I have been thinking about vMSC-s for some time now and I hate the idea of leaving 50% cluster memory resources free for fail over in case of data center failure. Why memory and not the CPU? In my 9 years of working with virtualization almost always the bottleneck has been memory. So I was thinking of different ways how to get more out of metro clusters. So I came up with following deployment scenario – mix test, development and production workloads in same cluster and abandon test and development workloads in case of site failure. NB! I have not tested this scenario – it is purely theoretical.
- Two data centers – let’s call them Site A and Site B.
- Six hosts with 512GB RAM – 3 in each data center. Let’s call them – host-a1, host-a2. host-a3, host-b1, host-b2 and host-b3.
- Two datastores for production machines that are available in both data centers. Let’s call them DS-A1-PROD and DS-B1-PROD
- Number of local datastores for test and development only available to local ESXi hosts within local data center.
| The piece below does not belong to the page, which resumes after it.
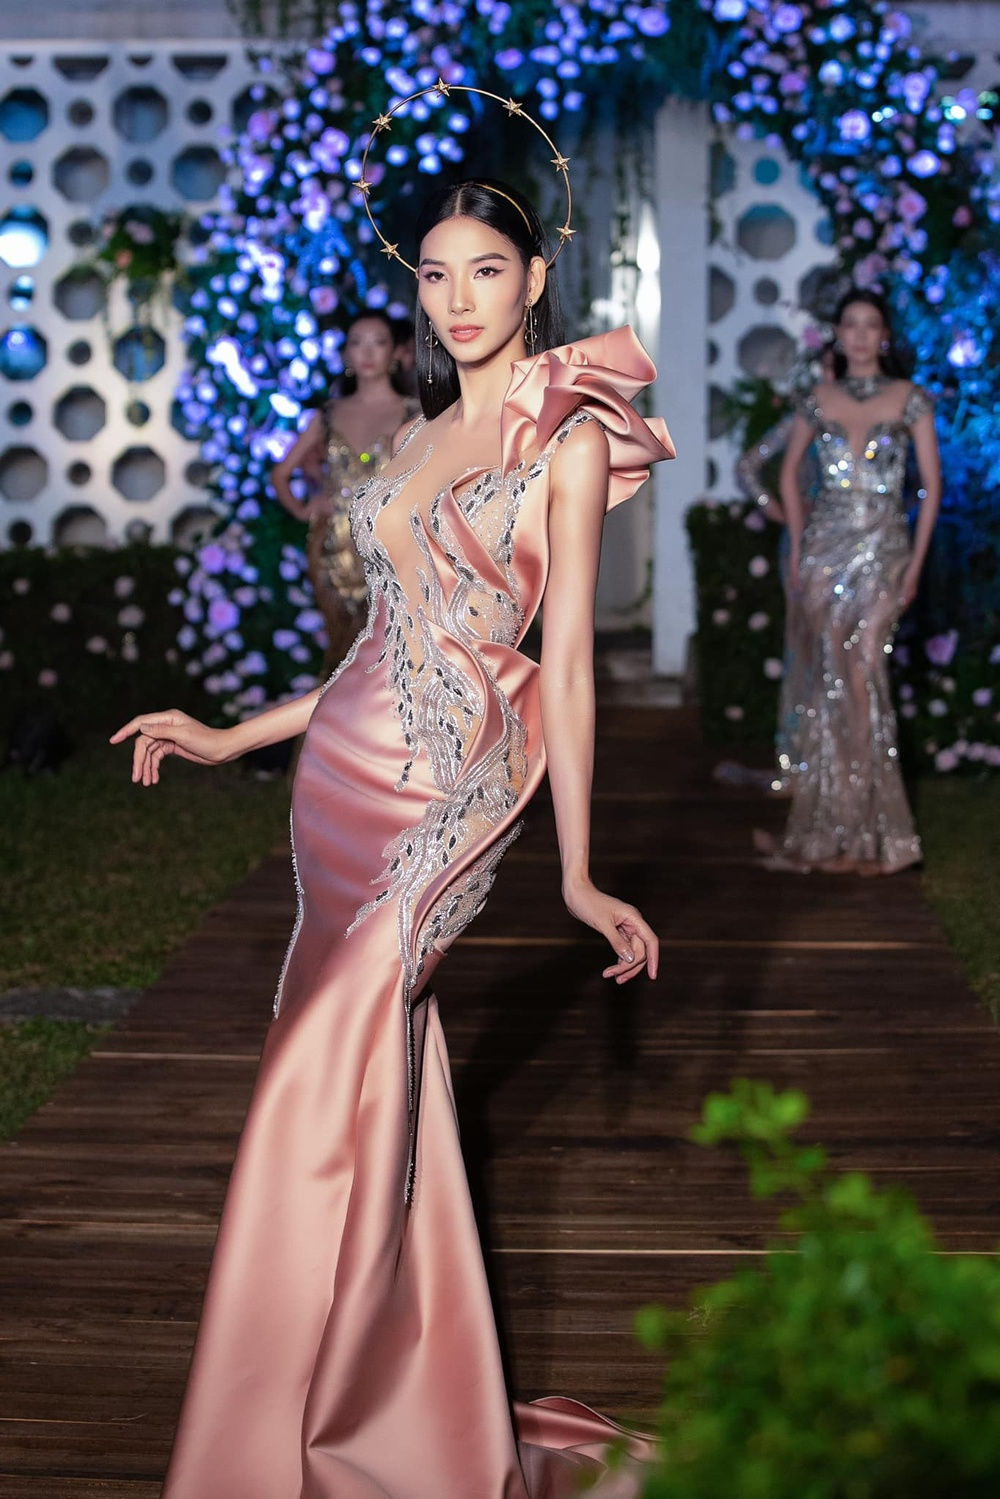 Hoàng Thùy bất ngờ ủng hộ Miss Universe Vietnam trao 2 vương miện cho 2 hoa hậu? Ảnh 6

Let’s call them DS-A1-TEST, DS-A2-TEST, DS-B1-TEST and DS-B2-TEST.
- Workloads will be divided into four groups – Site A production, Site A test and dev, Site B production and Site B test and dev.
- “Site A production” will be allowed to consume 12% of cluster resources. Workload will be running in Site A.
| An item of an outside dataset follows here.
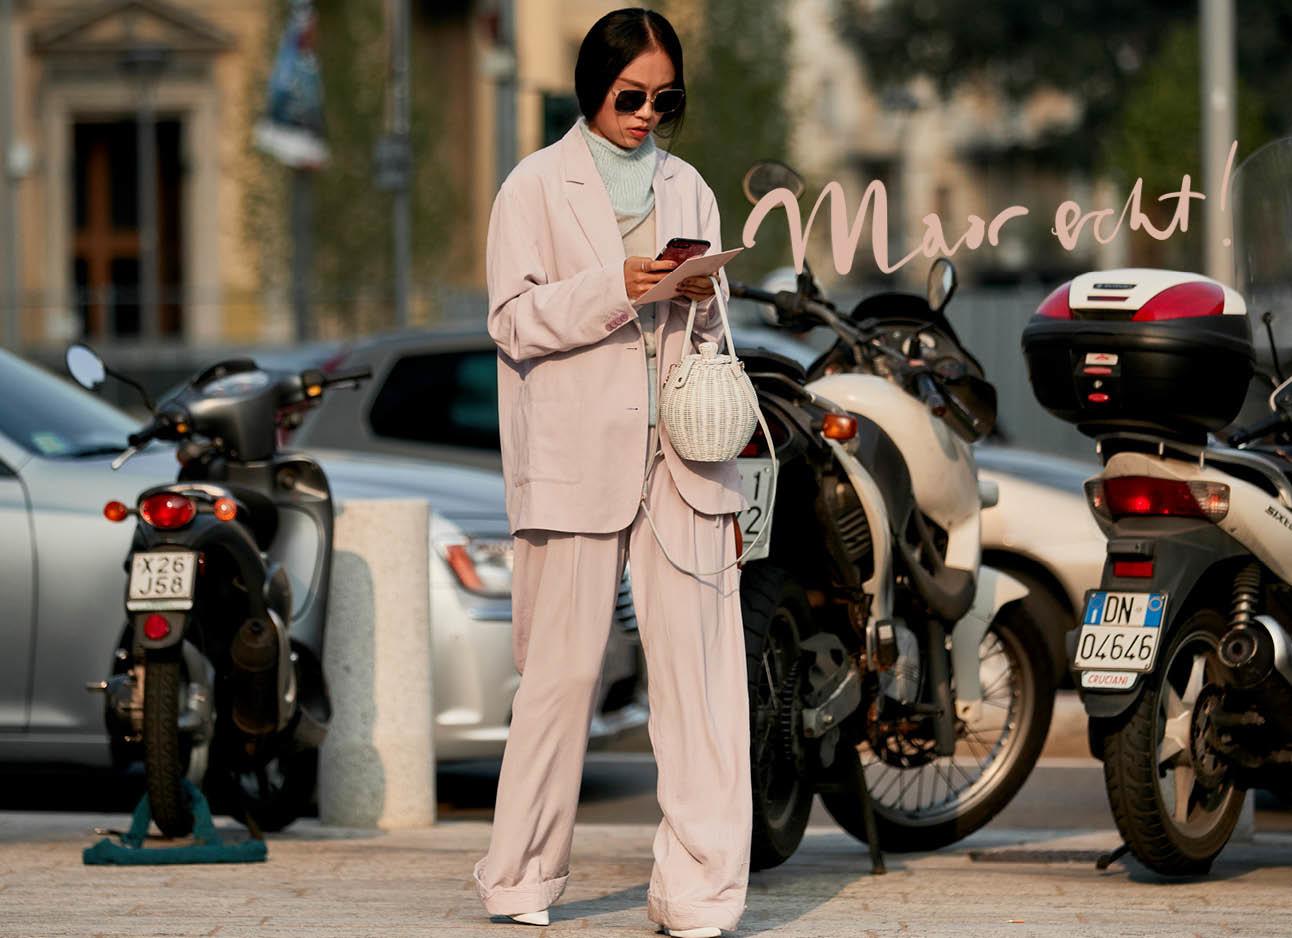 vrouw in roze pak loopt over straat kijkend op haar telefoon

- “Site A test and dev” will be allowed to consume 22% of cluster resources. Workload will be running in Site A.
- “Site B production” will be allowed to consume 12% of cluster resources. Workload will be running in Site B.
- “Site B test and dev” will be allowed to consume 22% of cluster resources. Workload will be running in Site B.
- 68% of cluster memory resources will be consumed.
Site failure scenario
- Site A goes down.
- Workload “Site A production” will be restarted by VMware HA in Site B.
- Workload “Site A test and dev” will be be down until Site A is restored.
- 92% of the remaining cluster memory resources will be consumed
Site failure scenario for Site B is the same. Production workload will be restated in Site A and test/dev workload will be unavailable until site B is restored.
With this type of scenario it is possible to push the metro cluster memory usage from usual 50% to 68%. Thinking back to this the site “local” workload doesn’t have to be always test or development. It can also be production workload that does not require site fail over. Multi-instance workloads like web front-end servers, Active Directory servers, terminal servers, etc. Although I only used memory as a resource now you should not forget the CPU resources.
As my experience with metro clusters is mostly theoretical I would appreciate if someone with real experience would comment this.